Relapsing-Remitting MS

Relapsing-remitting MS, the most common form of MS onset, affects 85% of patients. This type of MS involves flare-ups of symptoms followed by remission periods.

Secondary Progressive MS

A significant portion of relapsing-remitting MS cases eventually progress to secondary progressive MS. In this type, nerve damage accumulates, and symptoms gradually worsen. Patients may still experience some relapses or flare-ups, but the likelihood of remission periods decreases.

Primary Progressive MS

In some patients, symptoms gradually start and worsen over time without any distinct relapses or remission periods. This condition is called primary progressive MS.

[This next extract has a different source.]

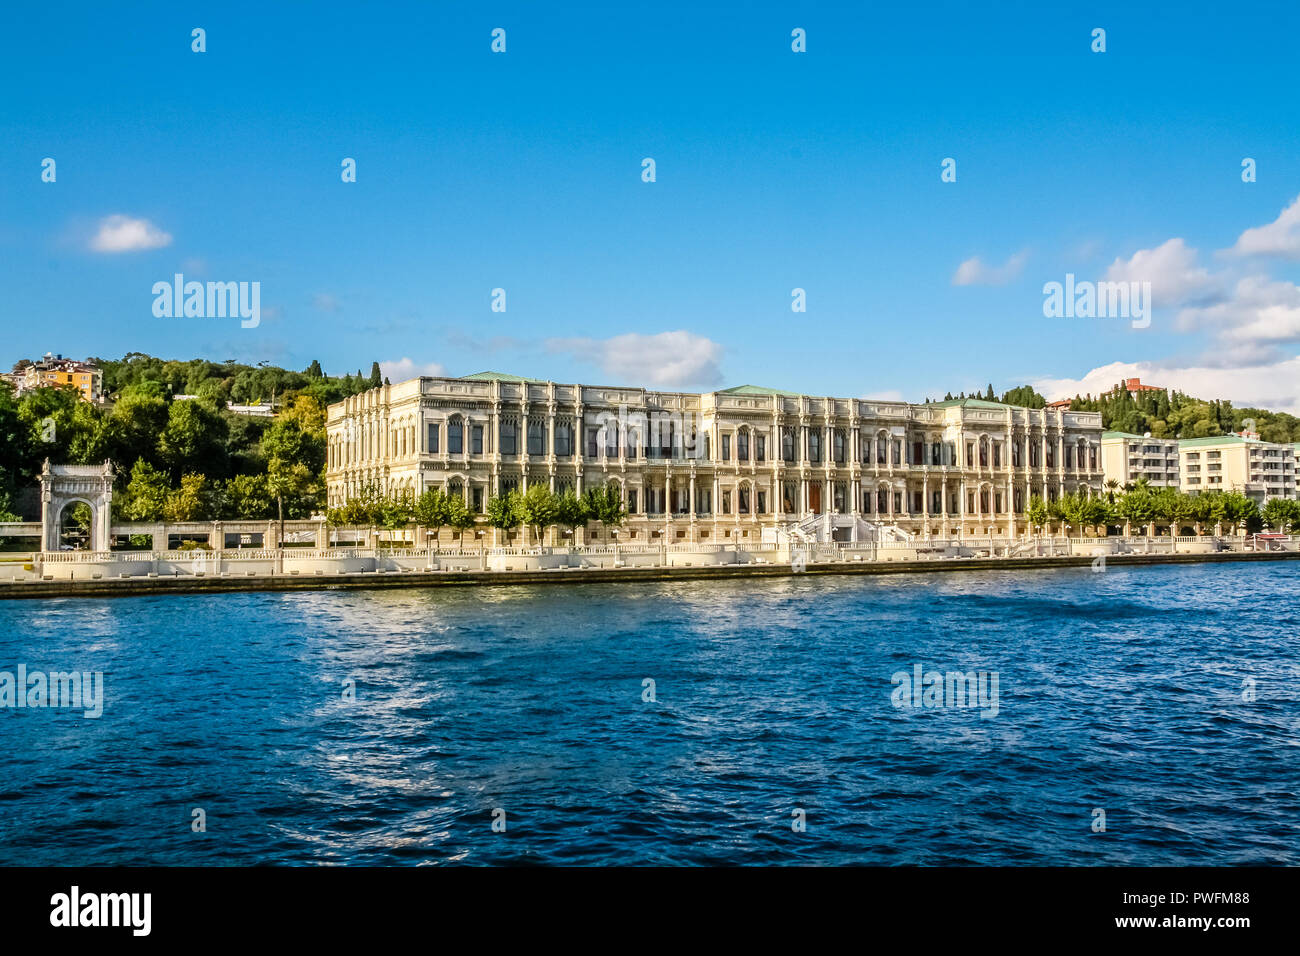 Çırağan Palace Kempinsk est un hôtel Ottoman Imperial Palace et sur le Bosphore, Istanbul. Banque D'Images
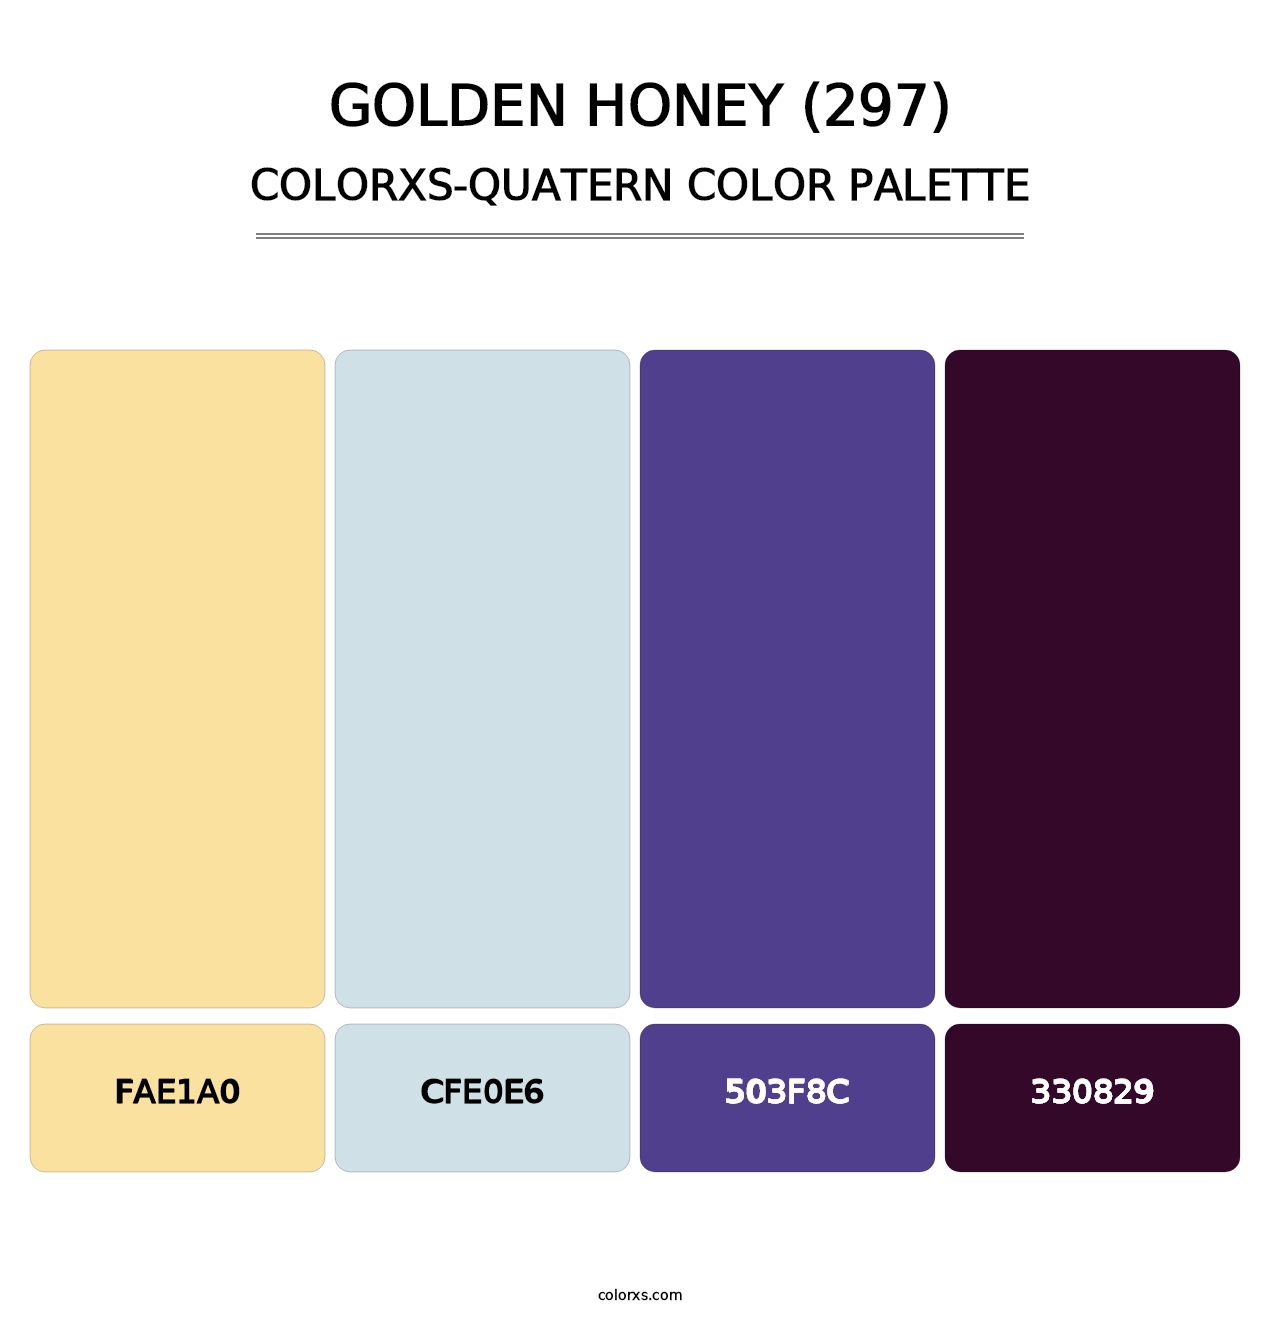 Golden Honey (297) - Colorxs Quatern Palette

There are three rare variants of MS among these types:

Marburg Type MS

This variant is a very rare and rapidly progressing aggressive form. If left untreated, it can be fatal.

Tumefactive MS

In this variant of MS, demyelinations appear in the brain that can resemble tumors. In most cases, a brain tissue sample is needed to differentiate it from brain cancer and other problems.

Balo's Concentric Sclerosis

The most notable feature of this variant of MS is the presence of lesions with concentric rings of myelin damage on magnetic resonance imaging, which gives the condition its name.